Ik lag te slapen, boven. Ellen was nog steeds gekluisterd aan de bank, beneden. Dus toen de voordeurbel overging opende het Kind min of meer namens ons de deur. Op de stoep stond Terrence. Hij had een karton bier in zijn hand, Guinness. Hij dacht al wel dat ik sliep, en nee, hij had geen tijd om binnen te komen… Of het Kind dat bier aan Sleeping Beauty wilde doen toekomen.
Beleefd als ze is nam het Kind de gulle gaven aan. Wel schoot het even door haar brein: Welke Ier, het zij ingeburgerd dan wel authentiek, staat zomaar vrijwillig zijn Guinness af? Is er misschien iets mis mee?

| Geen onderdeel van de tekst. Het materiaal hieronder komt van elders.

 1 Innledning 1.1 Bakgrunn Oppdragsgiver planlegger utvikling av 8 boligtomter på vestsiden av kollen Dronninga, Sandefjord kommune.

Laat ik er geen misverstand over bestaan: Terrence is een gastvrij man. Ik weet dat, ik heb feesten mee mogen maken in hullie huis, niemand kwam ook maar het geringste tekort…

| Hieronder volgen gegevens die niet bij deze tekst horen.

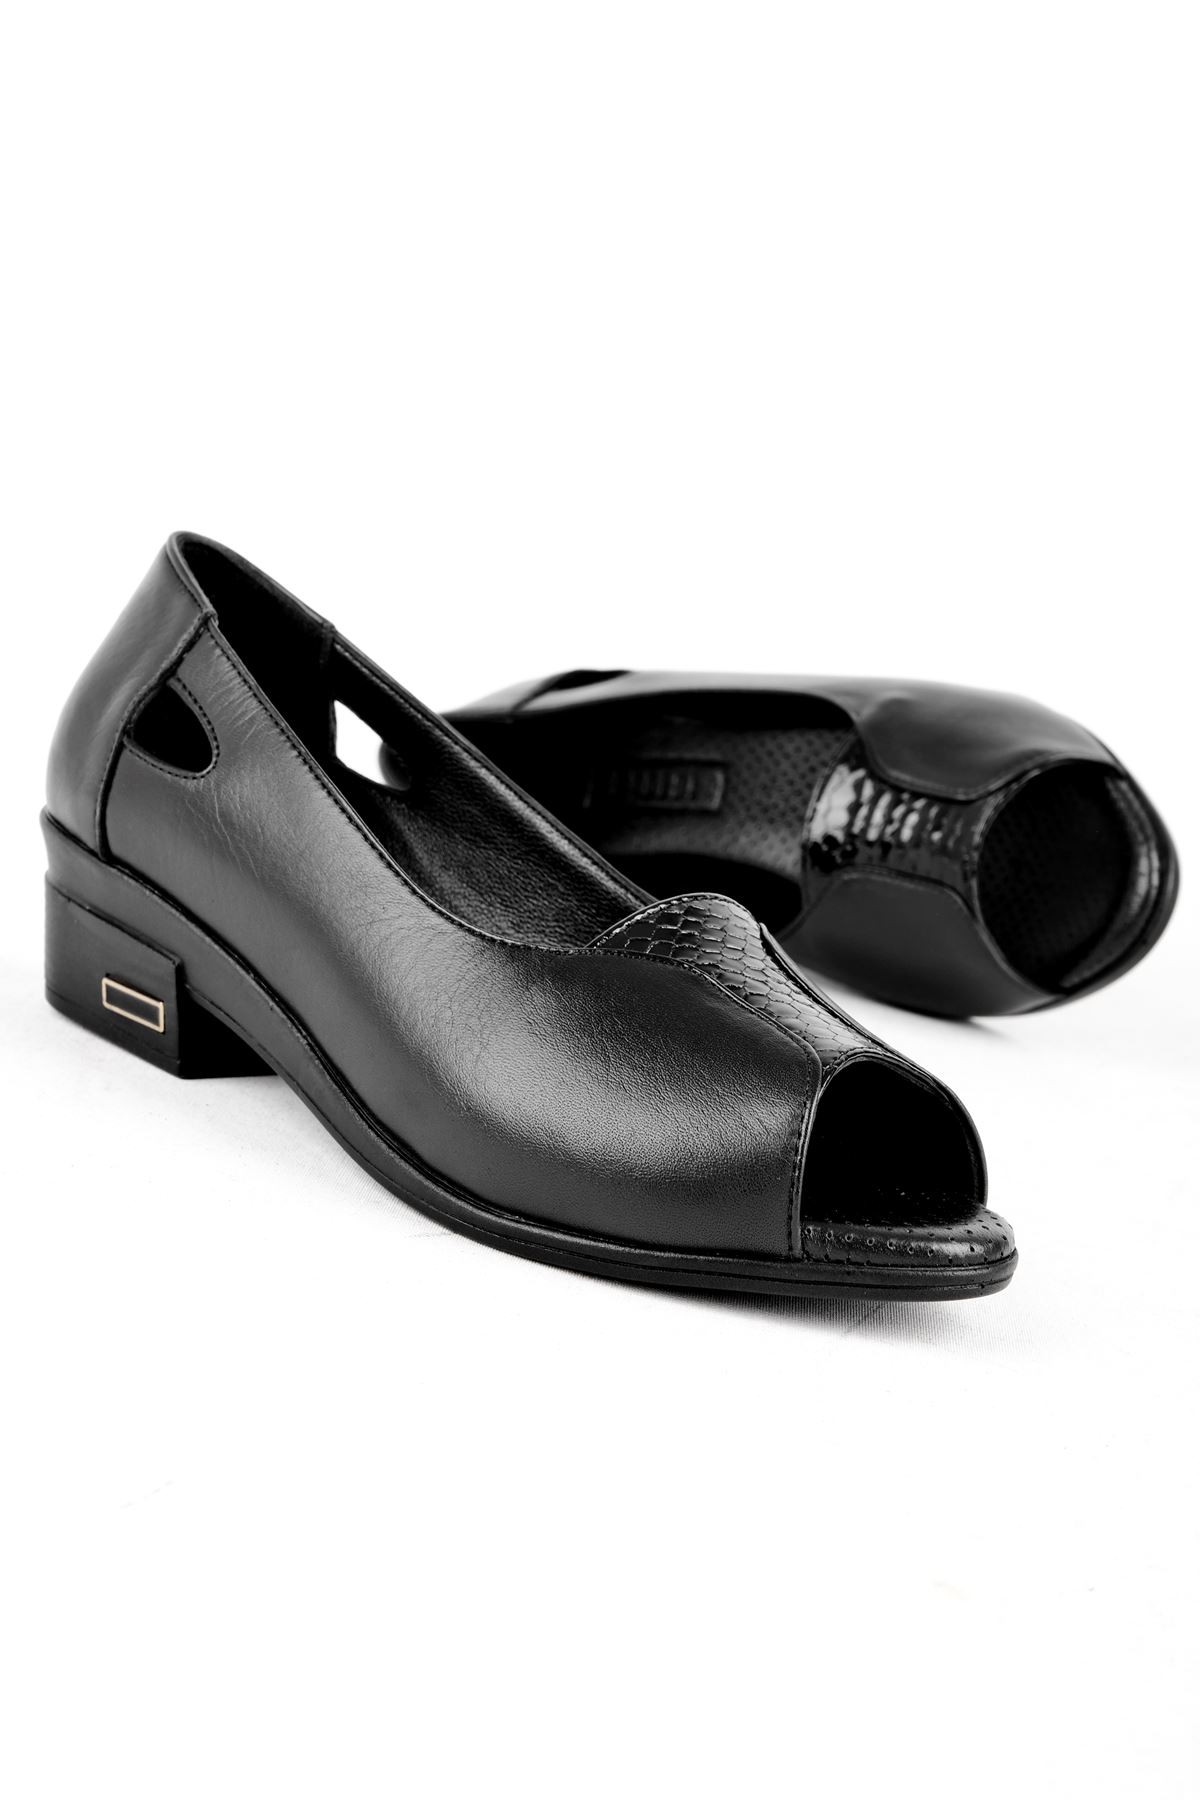 Rolvy Kadın Hakiki Deri Günlük Ayakkabı B3180 - Siyah

Nee, het zit anders. Het gaat over het bier. Over de policy van de Guiness brouwerij. Die hebben namelijk al heel lang geleden besloten om elke markt in de wereld op zijn of haar wenken te bedienen. De Indiase markt, de Afrikaanse markt, de Thaise markt, de Chinese markt, en ook de Belgische. Altijd gebrouwen at Saint James’ Gate in Dublin.
Voor onze contreien betekende het dat ze ergens aan het eind van de negentiende eeuw een speciaal Guinness bier gingen brouwen voor ene meneer Martin, van oorsprong Engelsman, maar ook kleine brouwer en bierhandelaar in Antwerpen. Aangepast aan de smaak van België-fin-de-siécle brouwden ze een zwaar stout. Dat viel in de smaak, en dat doet het nog steeds.

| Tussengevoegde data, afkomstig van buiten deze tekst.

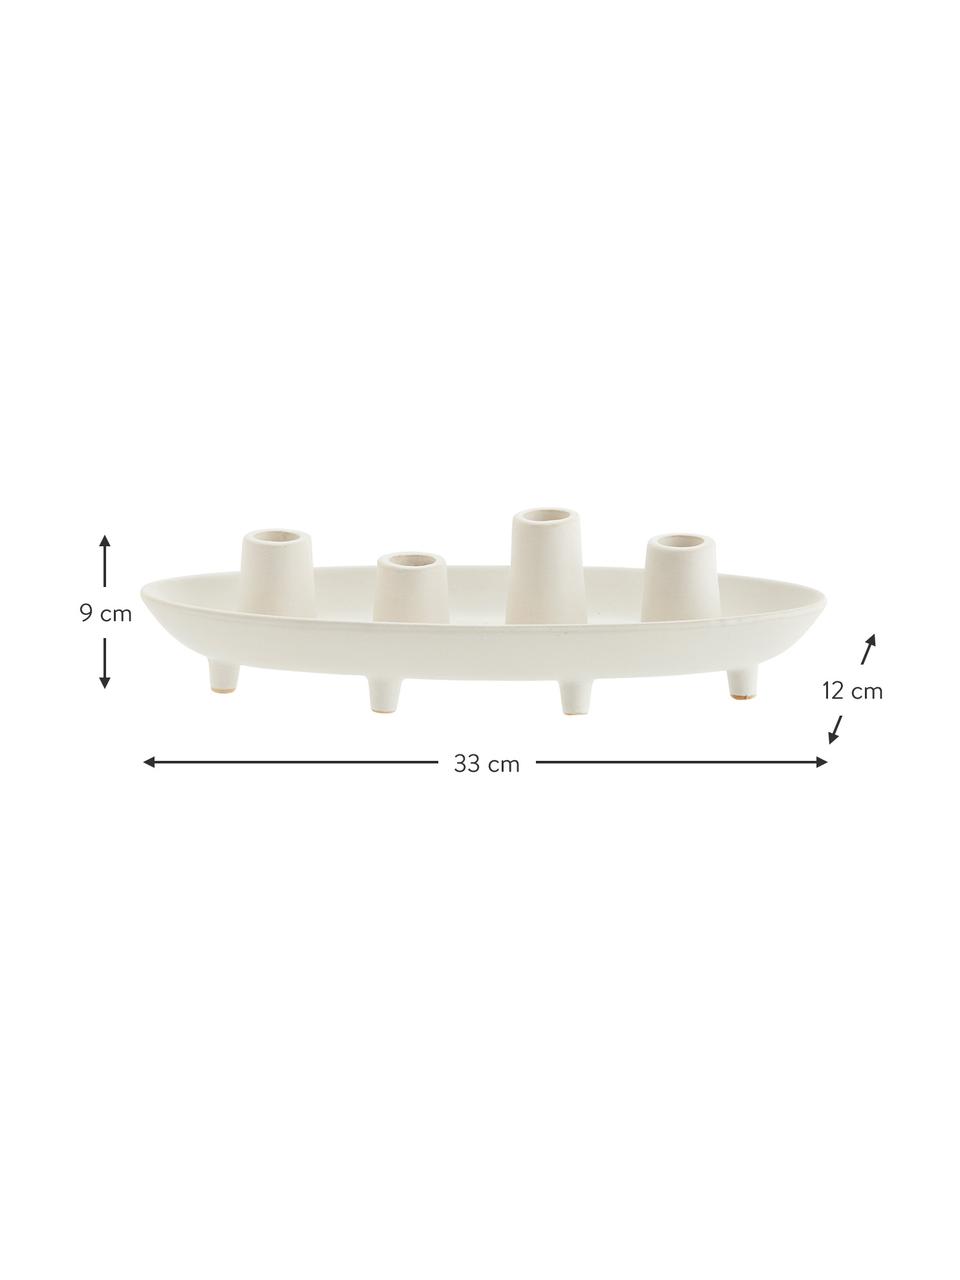 Candelabro de gres Boat, Gres, Blanco crema, An 33 x Al 9 cm

Ik ben gek op dat Stoutbier. Hoog alcoholgehalte (7%), zo bitter dat je wangen onwillekeurig naar binnen puilen en een lange afdronk waarbij de smaak van laurierdrop nog tijdenlang in je mond blijft hangen. Bier dat oogt zo zwart als de nacht…
De meeste Ieren hebben daar niks mee. Zij houden van hun Guinness van de tap. Mild, tikje hop, bittertje, 4,8 % alcohol, niet te overdreven. En vandaar: Terrence heeft niks met dat Belgische Guinness.
Enfin,… de gulle gaven werden natuurlijk in dank geaccepteerd. Ik dronk een paar flessen bij de eerst volgende gelegenheid. Ik diepte er zowaar mijn half-a-pint glas voor op uit de kelder. Enig decorum is me niet vreemd…
En nu ik erover nadenk schiet me een enorme blunder door mijn hoofd. Guinness en Oesters, die moordcombinatie… Ik probeerde dat uit met het Belgisch Guinness en ik vond het niks. Terwijl het hele gedoe natuurlijk gaat over Oesters met het originele Ierse Draft…
Stom, stom, stom…
Haja, er gaat niets boven een fikse wandeling in de Ierse Connemara, door regen, wind en zeelucht, en dan met modderige schoenen en rode wangen binnenstappen in O’Dowd’s seafood bar, een warme welkome pub, in het alleraardigste vissersdorp Roundstone voor een Guinness met zilte Connemara-oesters bij het haardvuur.